Something strange seems to happen to comedians once they’re about two or three generations past their prime. It isn’t just that they aren’t as funny as they used to be (though that is almost always the result), but they seek to find a whole new, almost always more mainstream (and more kid-friendly), audience. Sometimes this is the result of their sensibilities becoming so dulled and repetitive that they lose the audience they have (which is what seemed to happen with Woody Allen), but sometimes comedians seem to be doing this on purpose. I can only assume that this is what has happened with Steve Martin.
I didn’t see the last Pink Panther movie (nor, embarrassingly, have I seen the original), but I found this one easy enough to follow. Inspector Jacques Clouseau is perhaps the greatest detective in all of France, most renowned for having found the Pink Panther diamond. When a thief who goes by the name of ‘the Tornado’ starts stealing valuable artifacts across Europe, an international ‘dream team (a phrase that is repeated ad nauseum)’ of investigators is assembled to try and crack the case. I’ll give you five guesses as to who they want to head the team.
The most immediate indication that something fishy is up here is the cast, which is probably the single best to be assembled for a feature film in the past year. Andy Garcia, Emily Mortimer, Aishwarya Rai, Alfred Molina, Lily Tomlin, John Cleese, Jean Reno (the single coolest Frenchmen since Maurice Chevalier), and Jeremy Irons are all in this movie, believe it or not. And they are all given virtually nothing to do except look around awkwardly at one another while Martin’s Clouseau bumbles around, says stupid things, and speaks in an accent with virtually the same sense of finesse and accuracy as Borat (not the worst thing). I can get behind centering a movie around a bumbling Steve Martin performance (twenty years ago, not one of us would believe that there would ever be anything wrong with this), but to fill a movie with such a great cast and then to waste all of them so completely feels just short of criminal (the comedic potential of Irons alone is enough to fill an entire movie). Particularly to waste them all in favor of a performance that is only intermittently amusing.

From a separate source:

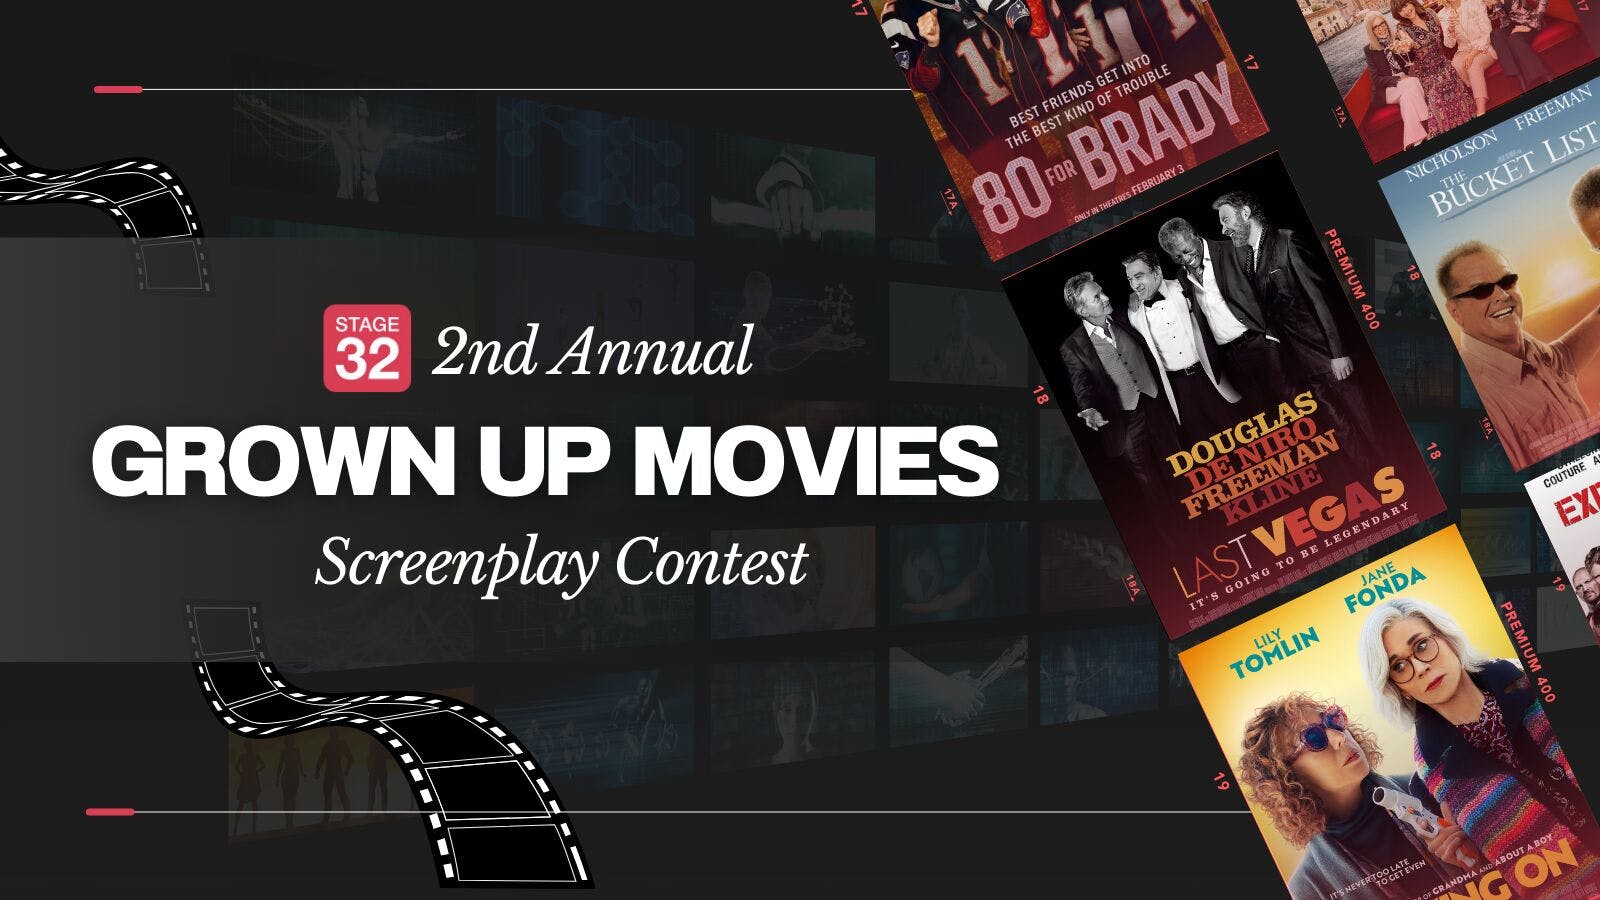 Announcing the 2nd Annual Grown Up Movies Screenplay Contest

That said, there is some of the old Martin in there. He delivers a great number of his lines with enough finesse to get a laugh when other comedic performers might let them drop. There are a few bits that have potential, especially Tomlin’s part as a ‘politically correct’ officer meant to bring Clousseau up to speed in the modern world (though strangely, he is only offensive when she’s around). Some of Martin’s old irreverence is clearly visible when he refers to the Japanese member of the team as his ‘little yellow friend,’ as well as when he ogles younger women in the hallway (save for Tomlin, they are all much younger women, however). Frankly I was surprised to see this sort of thing in a movie marketed towards children and families, but it started to make more sense when I realized how cut short the subplot was, and how carefully they kept the whole thing PG. More than once, I got the feeling that they (they being director Harold Zwart and screenwriters Scott Neustadter, Michael H. Weber, and Martin himself) had really wanted to take this all the way, perhaps even to an R rating, but that they were forced to bring it back into nominally family-friendly territory. I understand the reasoning, but it’s always depressing to see a movie with such a visible leash put on it. Especially when it seems fairly clear that it was the star who put it there.